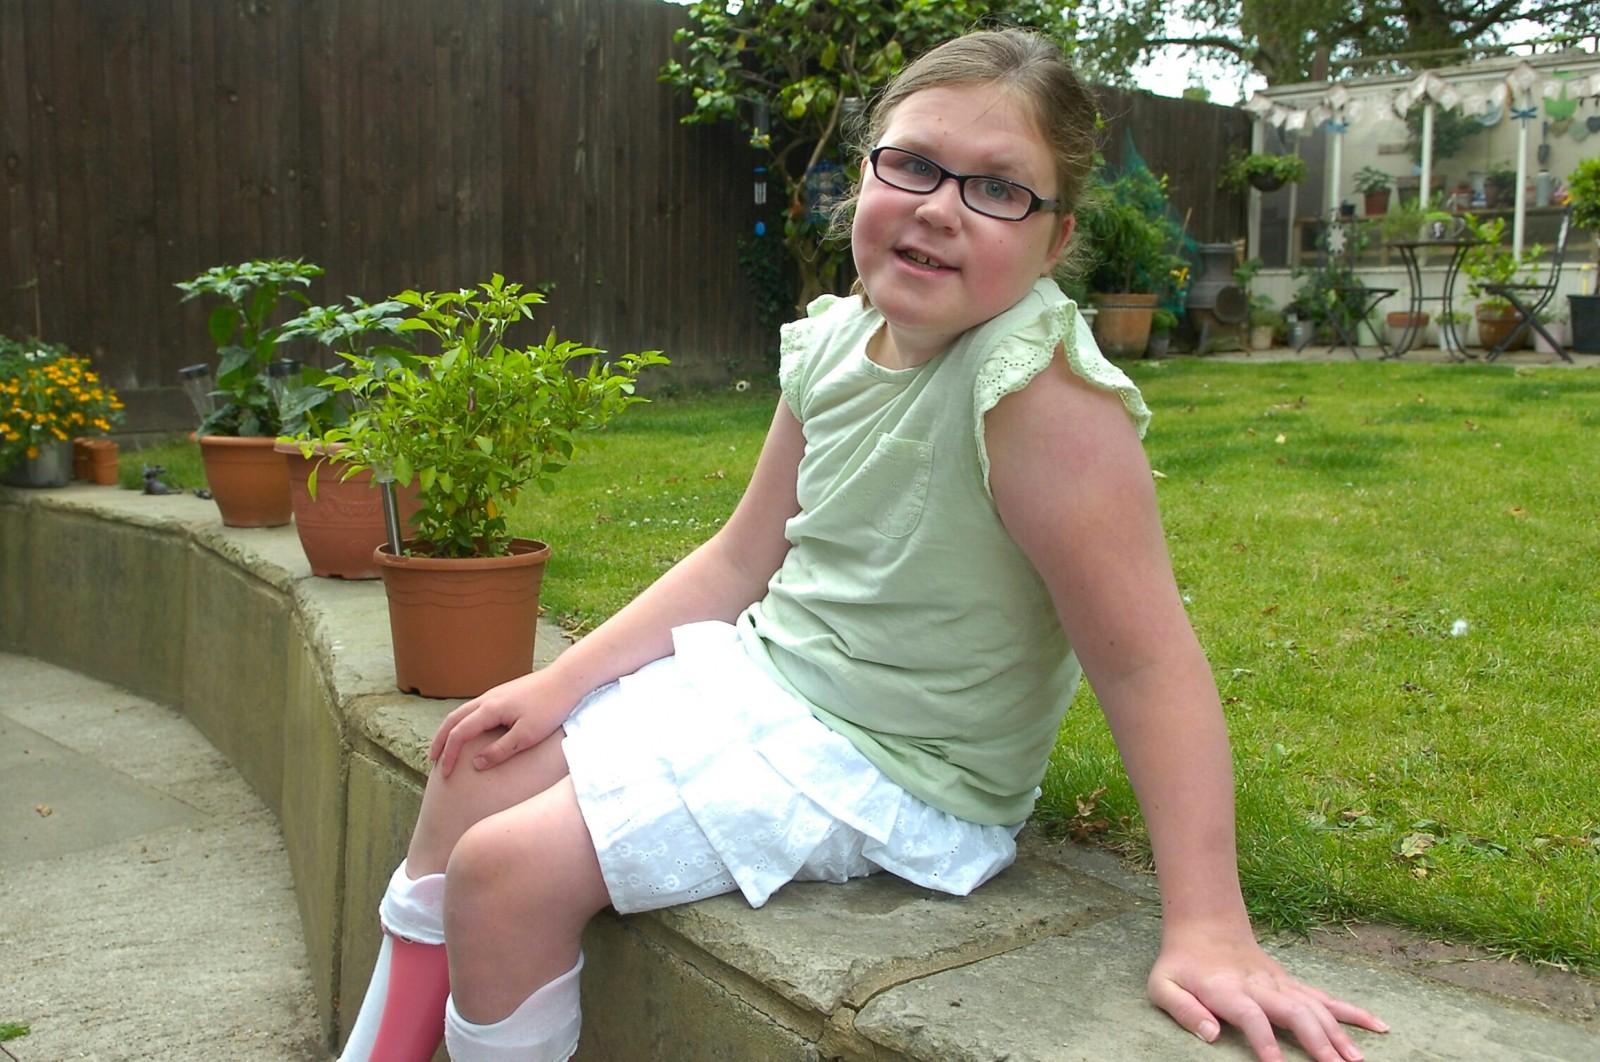 Brave schoolgirl born with brain tumour has feet deliberately broken by doctors
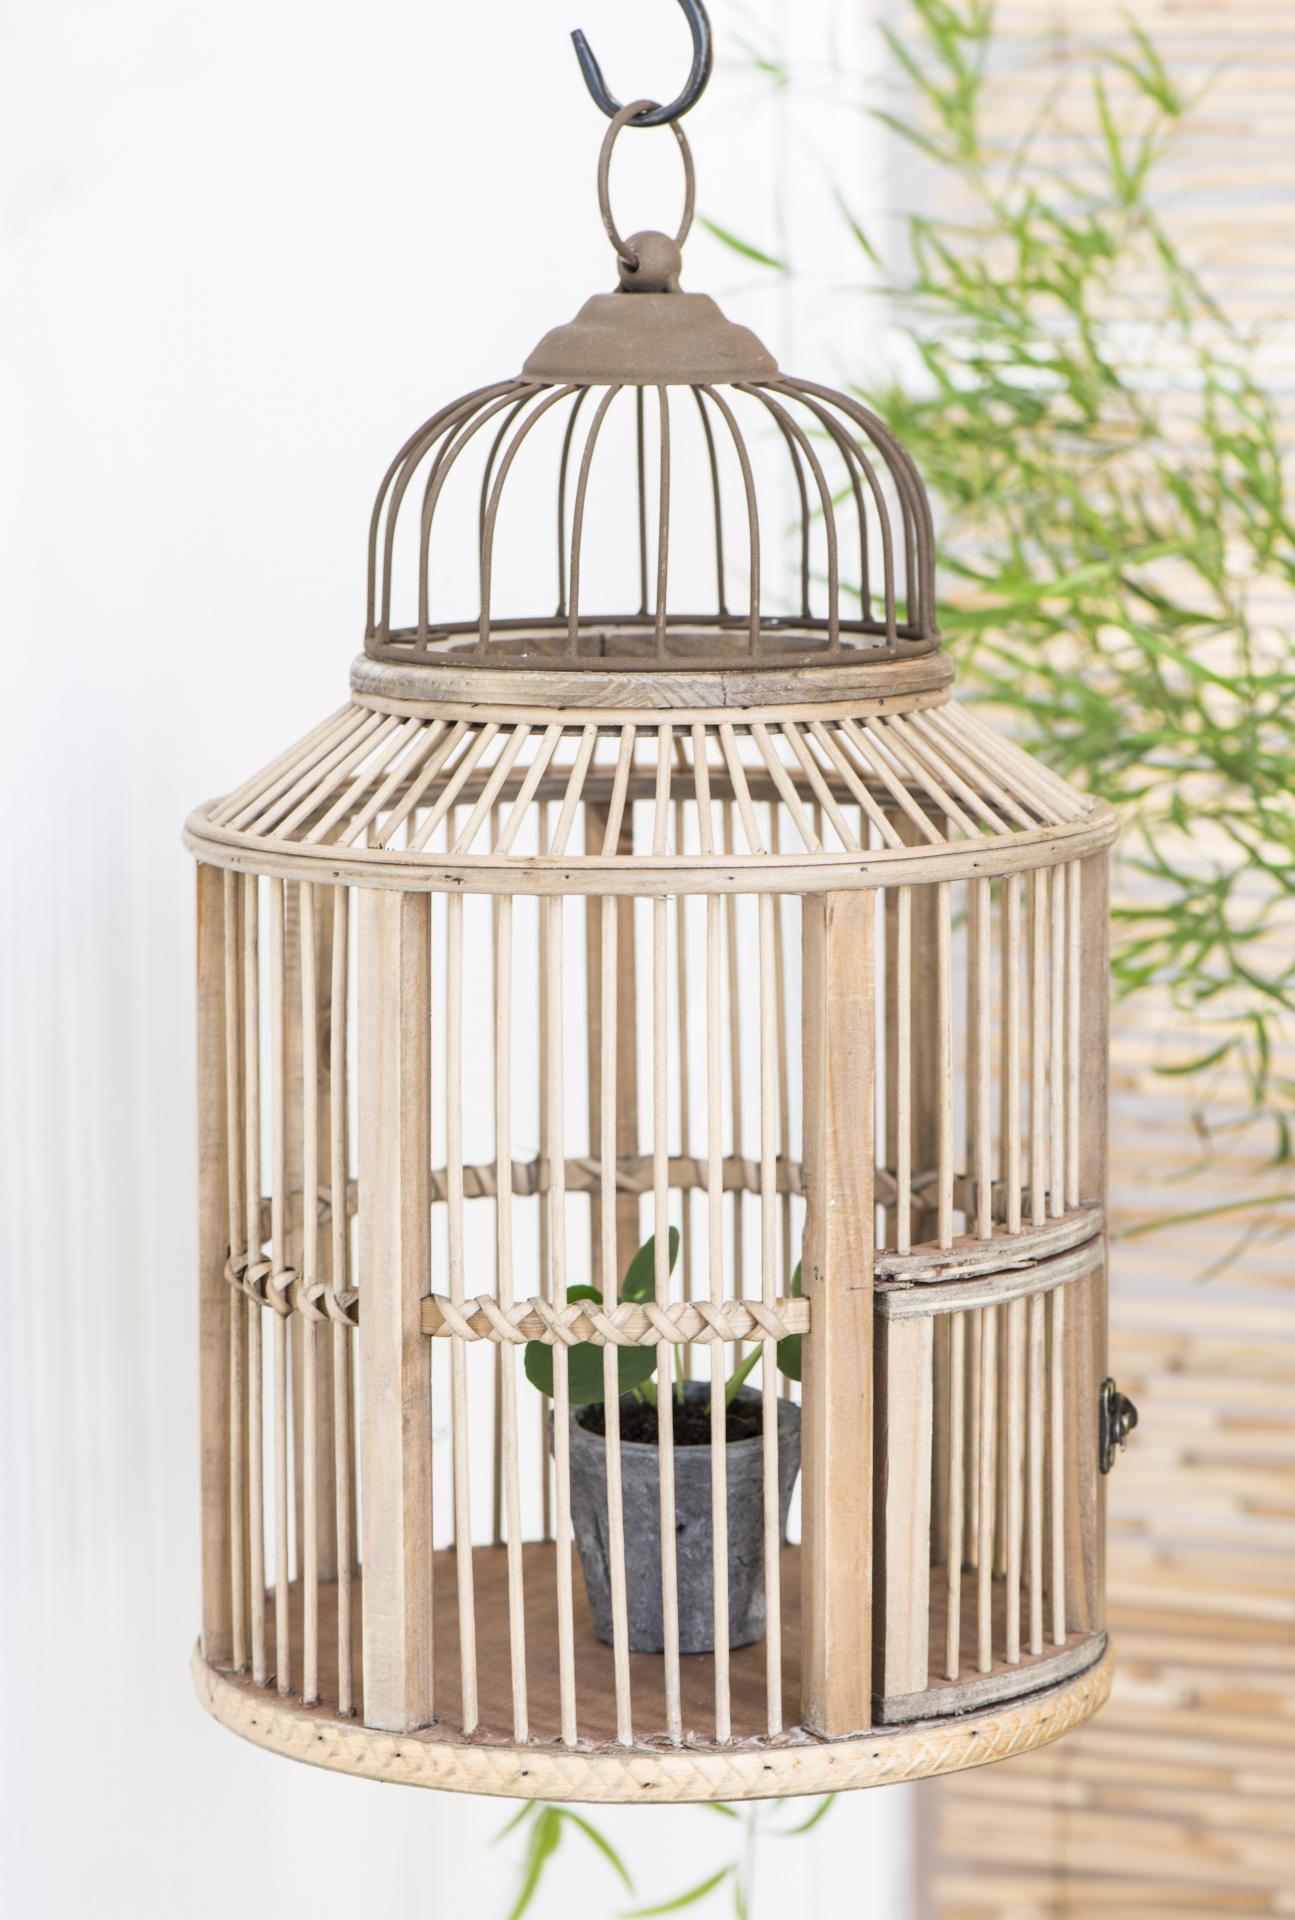 IB LAURSEN Dekorativní ptačí klec ze dřeva, přírodní barva, dřevo
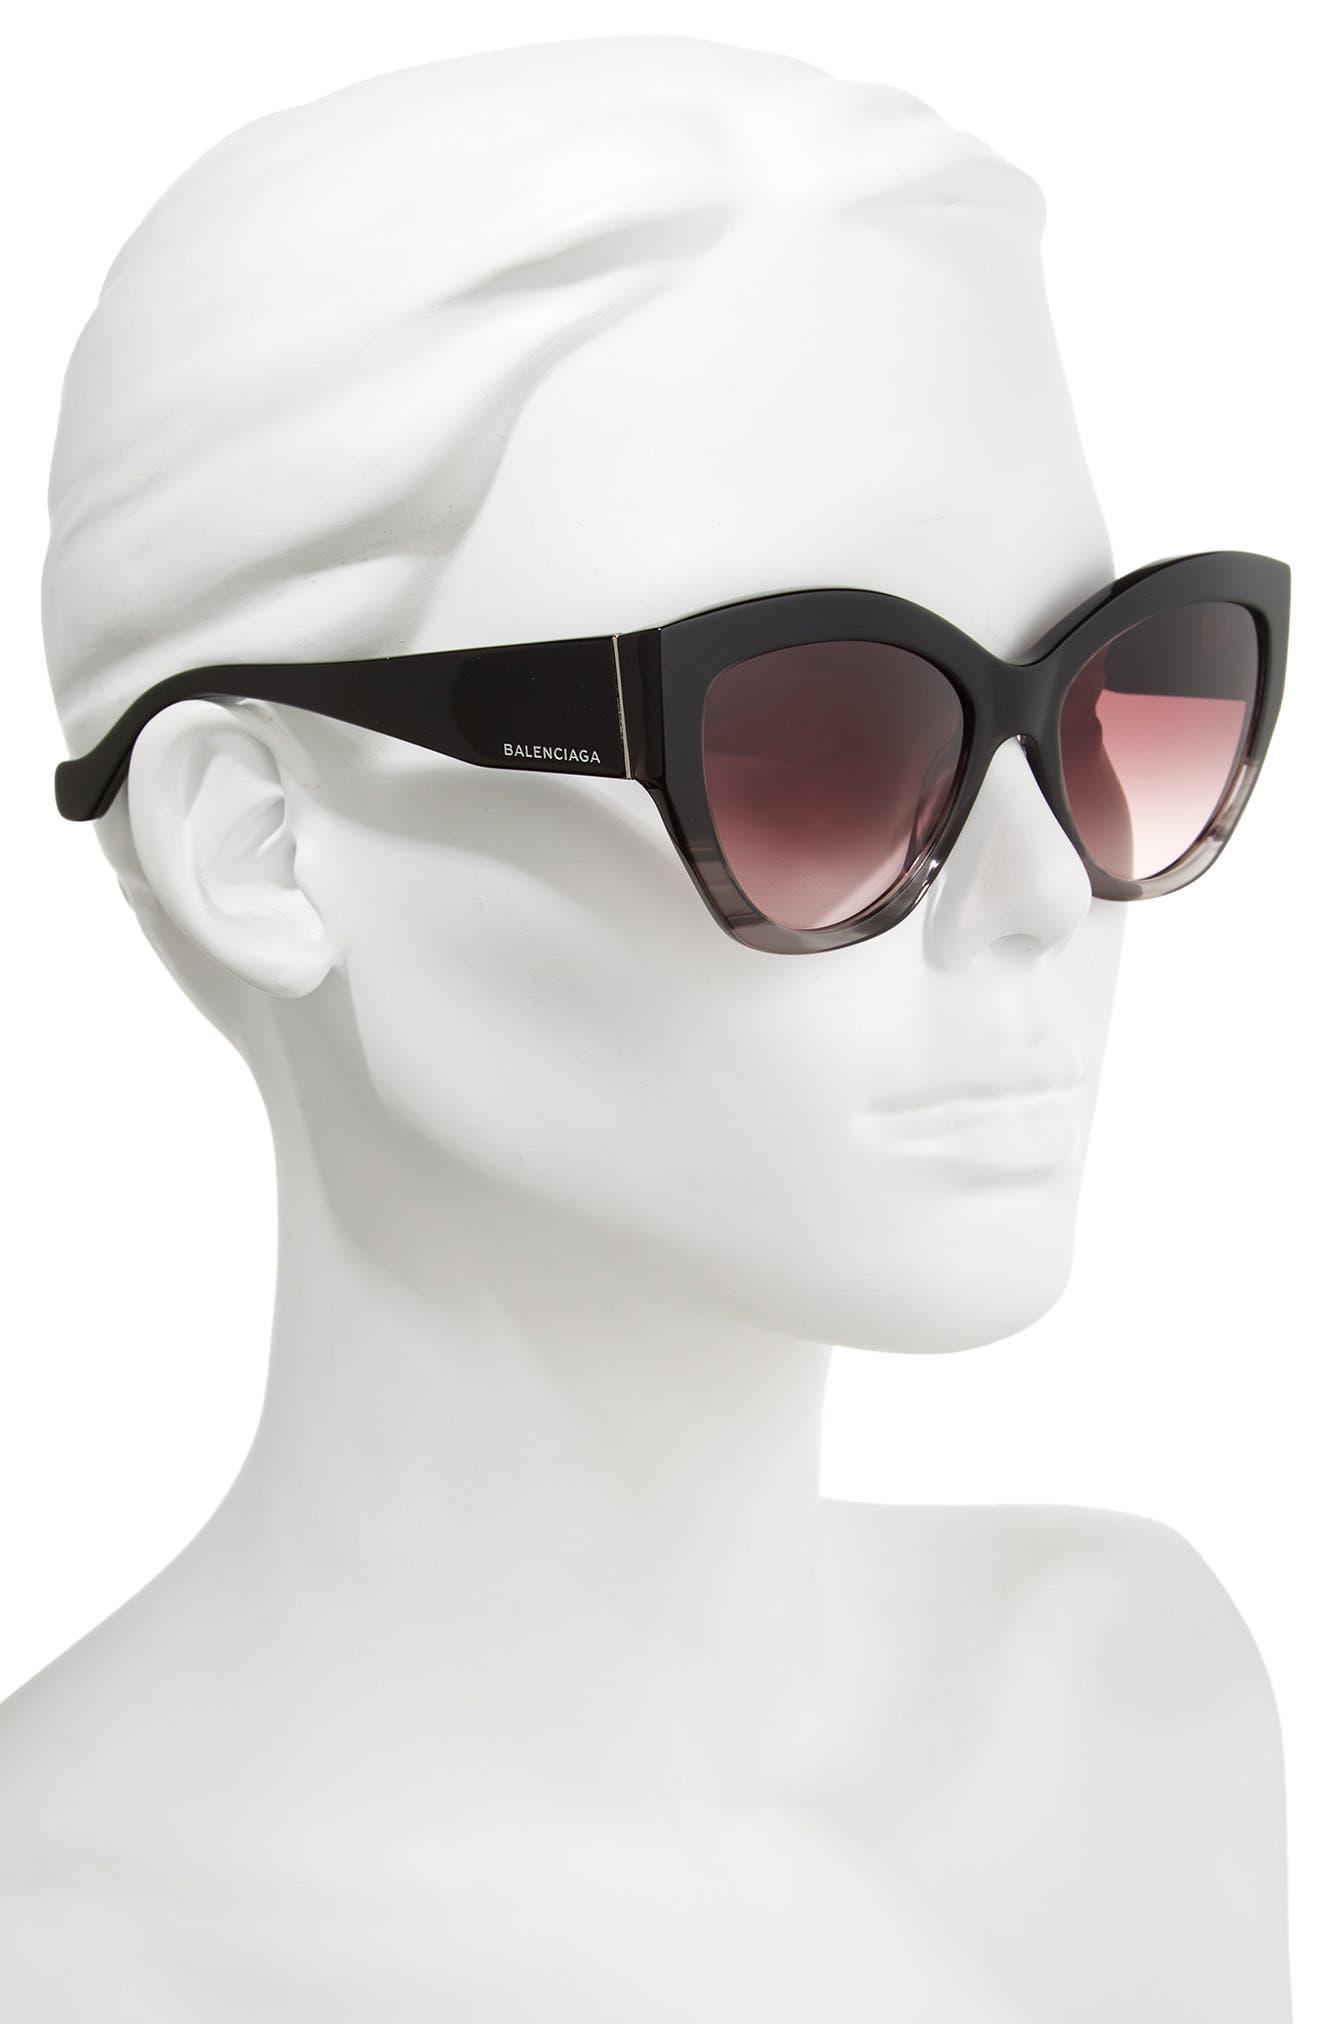 56mm Cat Eye Sunglasses,                             Alternate thumbnail 2, color,                             001

========================================

Exercise objective ::
Could the listing above be transcribed exactly, with the pictures left out?

Response to this exercise ::
 Brave schoolgirl born with brain tumour has feet deliberately broken by doctors
 IB LAURSEN Dekorativní ptačí klec ze dřeva, přírodní barva, dřevo
 56mm Cat Eye Sunglasses,                             Alternate thumbnail 2, color,                             001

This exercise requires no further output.